= Beginning of Section =

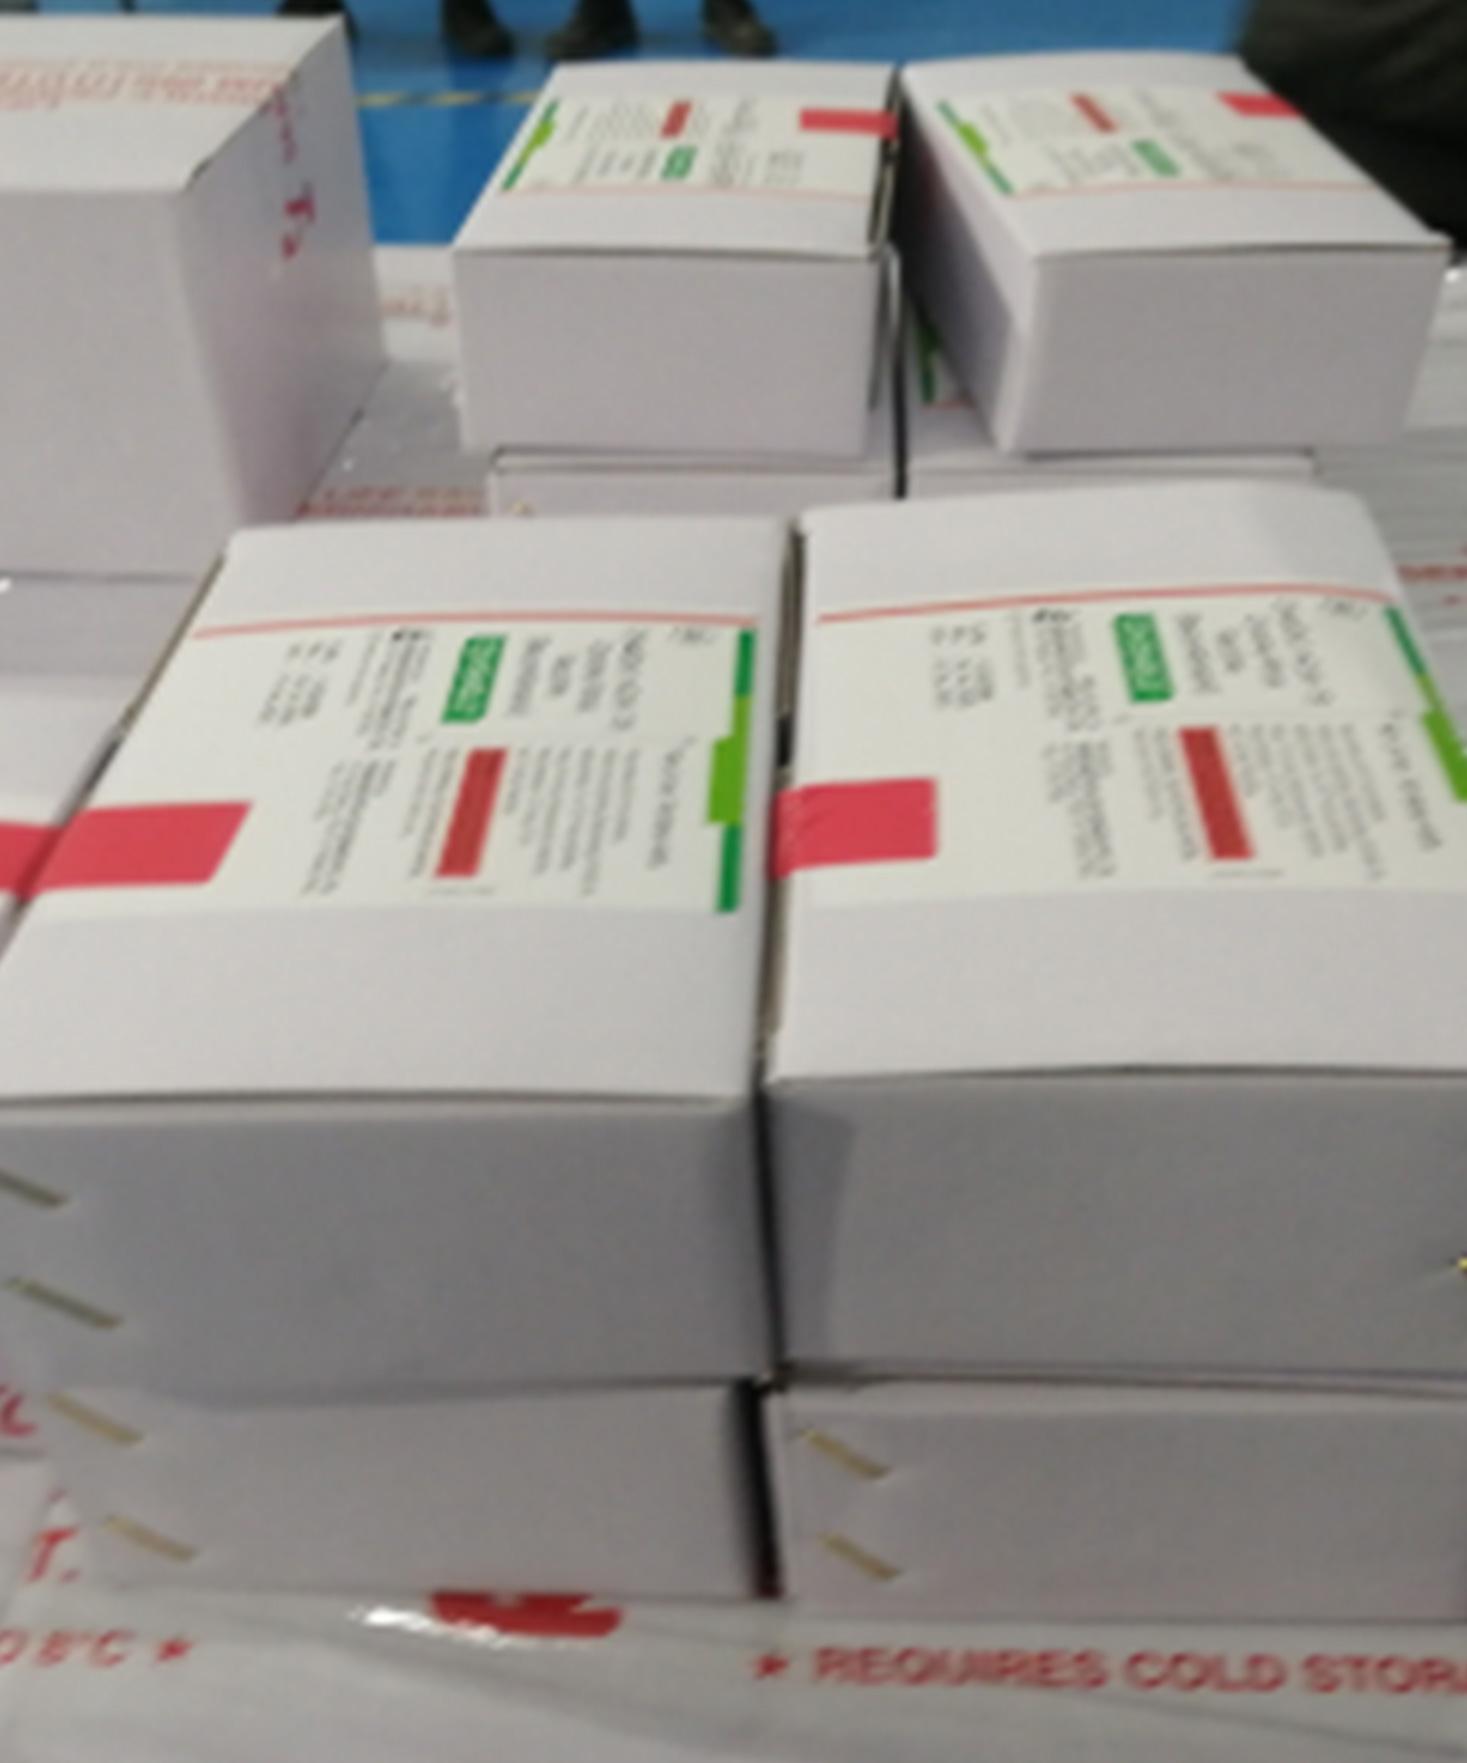 Mobilisation des moyens adéquats pour réussir la campagne de vaccination contre le Covid-19
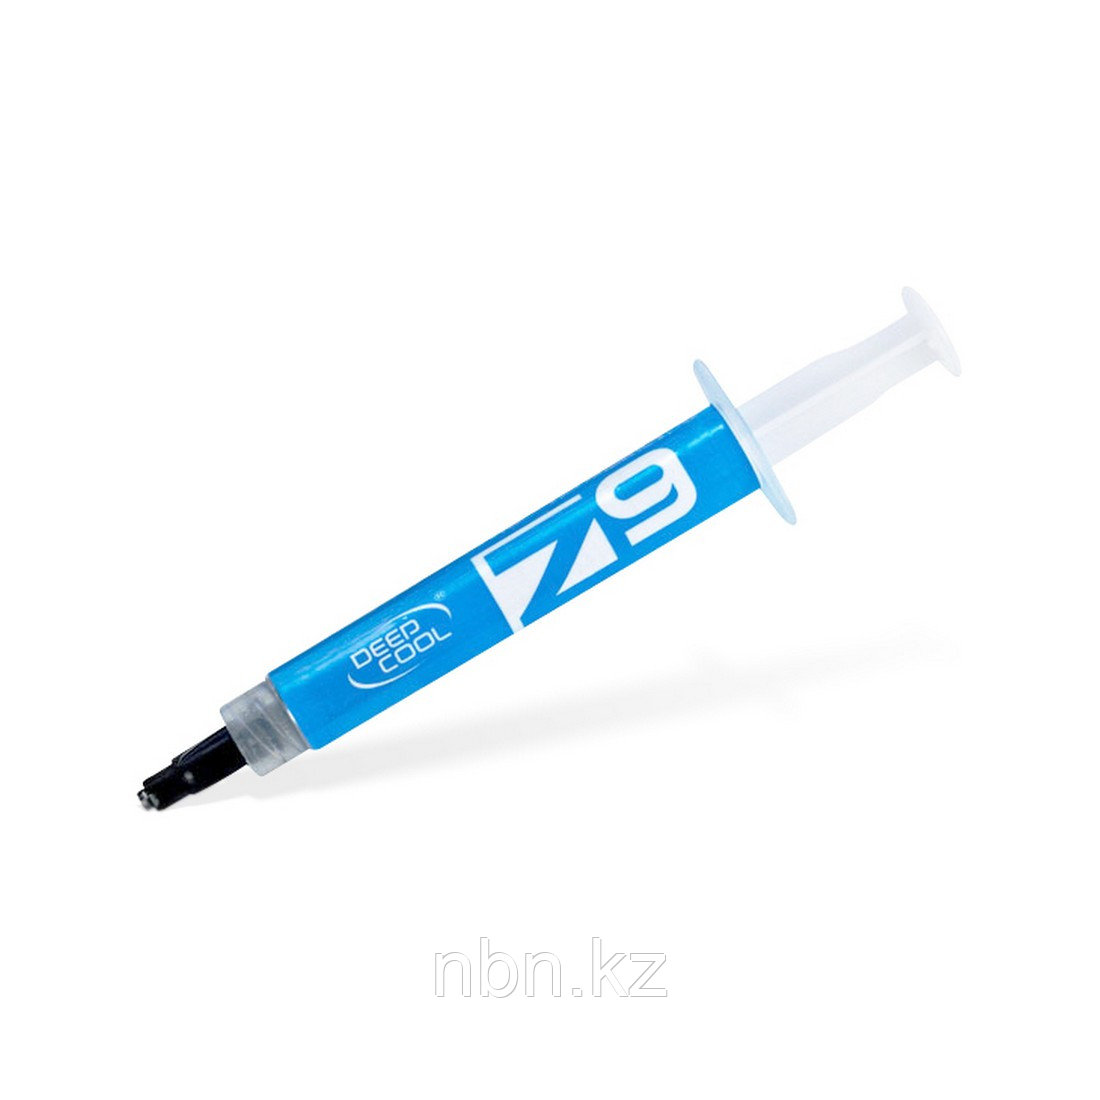 Термопаста Deepcool Z9, в шприце, 3 грамм
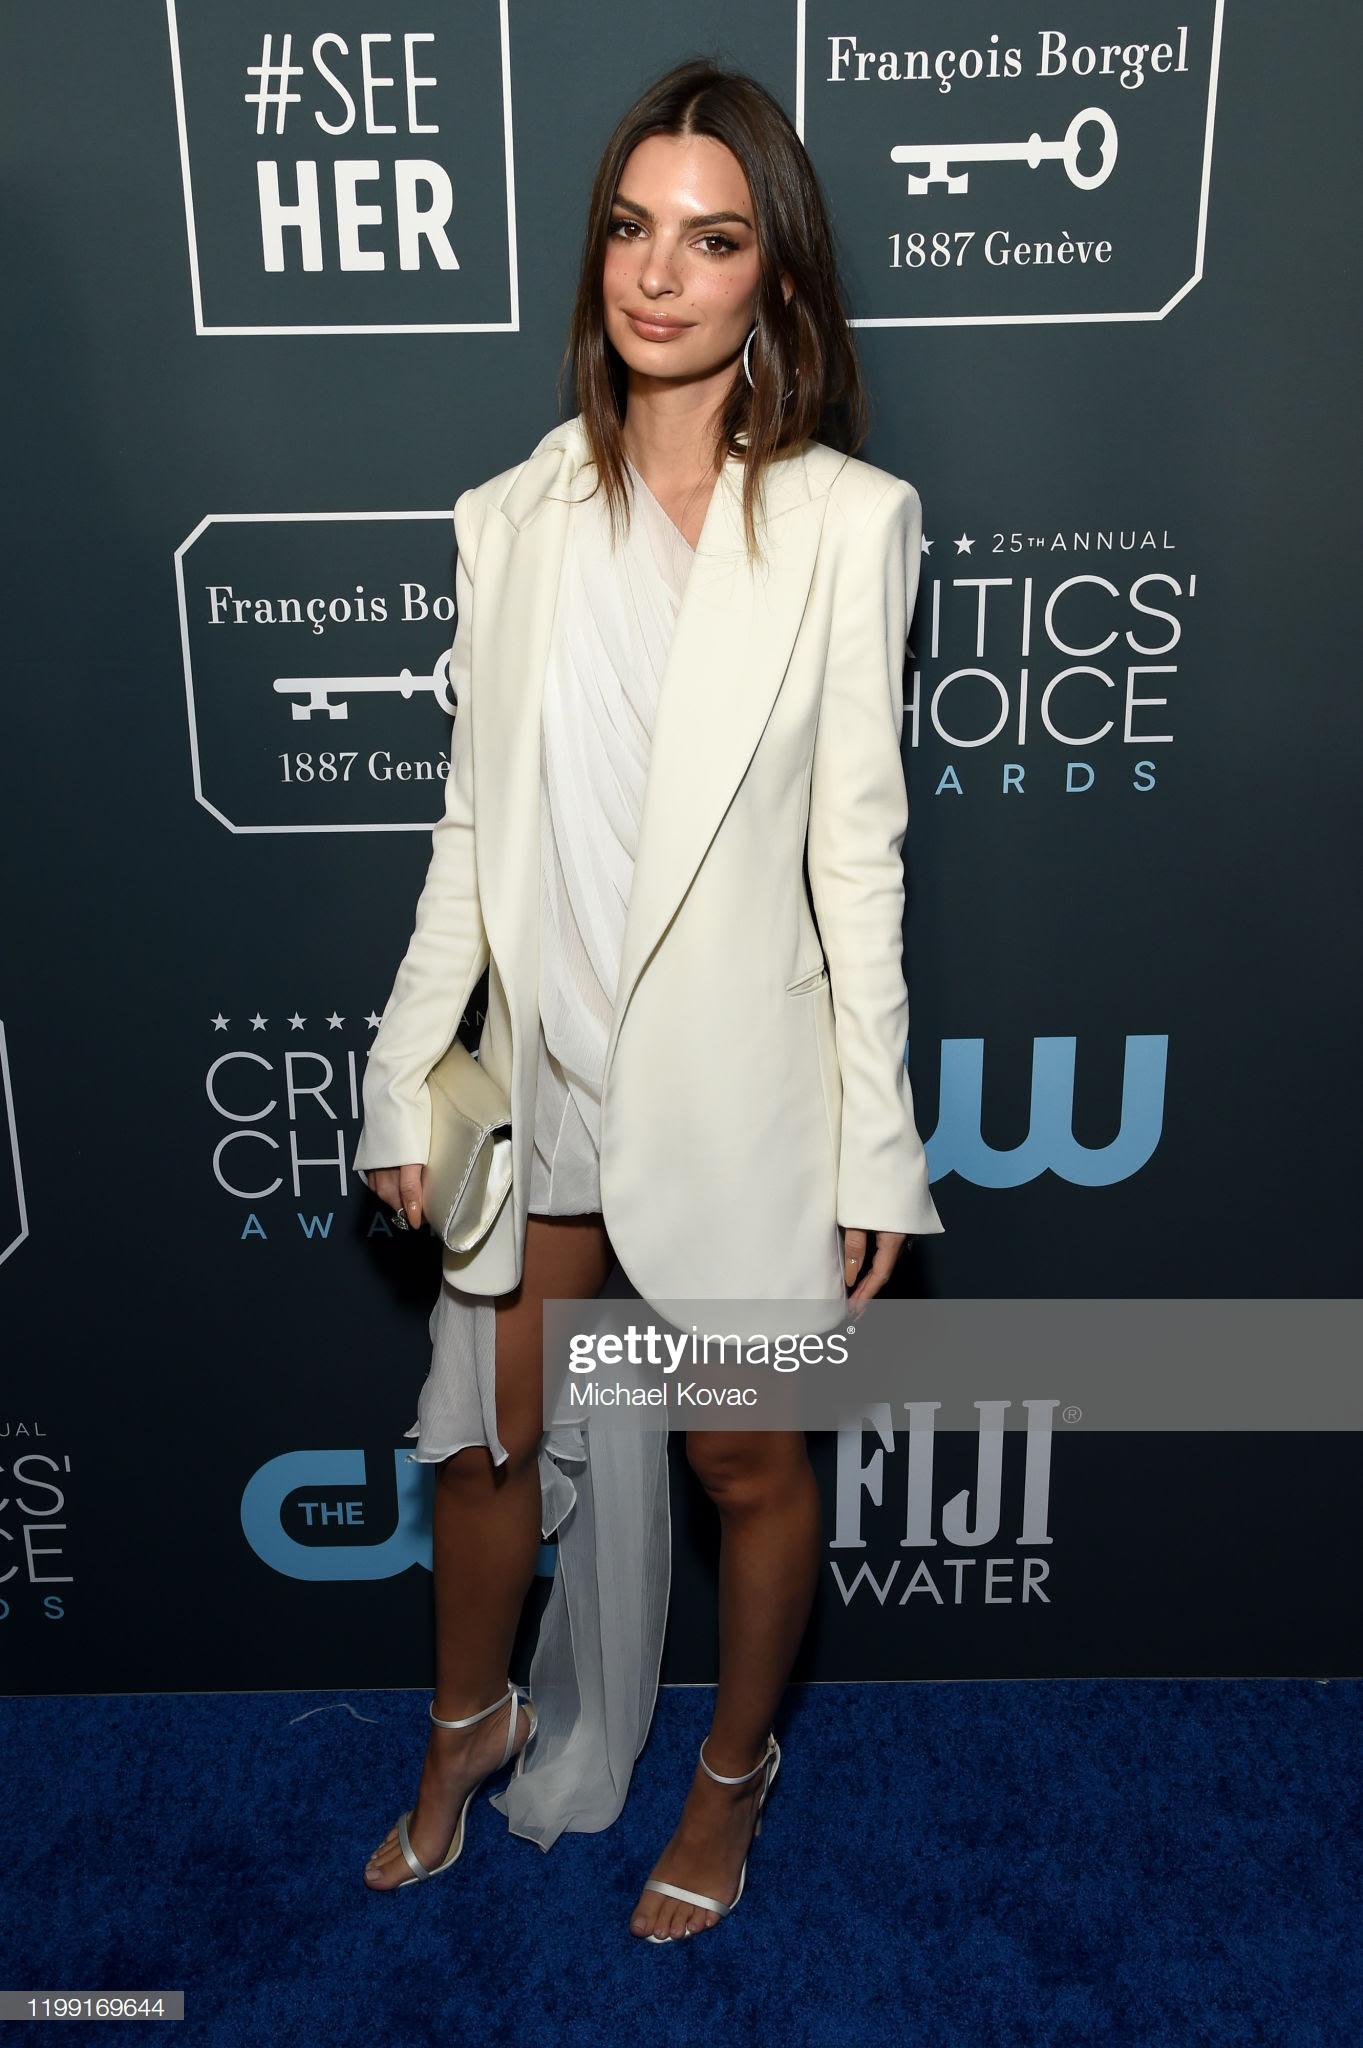 b2612d9b b757 43b0 85d0 5012b9233563 - Jennifer Lopez y Emily,entre las celebrities que apostaron por Jimmy Choo en los Critics' Choice Awards

= End of Section =

Directions for this task ▸
The listing above must be repeated exactly. Its pictures are not part of the copy.

Answer area ▸
 Mobilisation des moyens adéquats pour réussir la campagne de vaccination contre le Covid-19
 Термопаста Deepcool Z9, в шприце, 3 грамм
 b2612d9b b757 43b0 85d0 5012b9233563 - Jennifer Lopez y Emily,entre las celebrities que apostaron por Jimmy Choo en los Critics' Choice Awards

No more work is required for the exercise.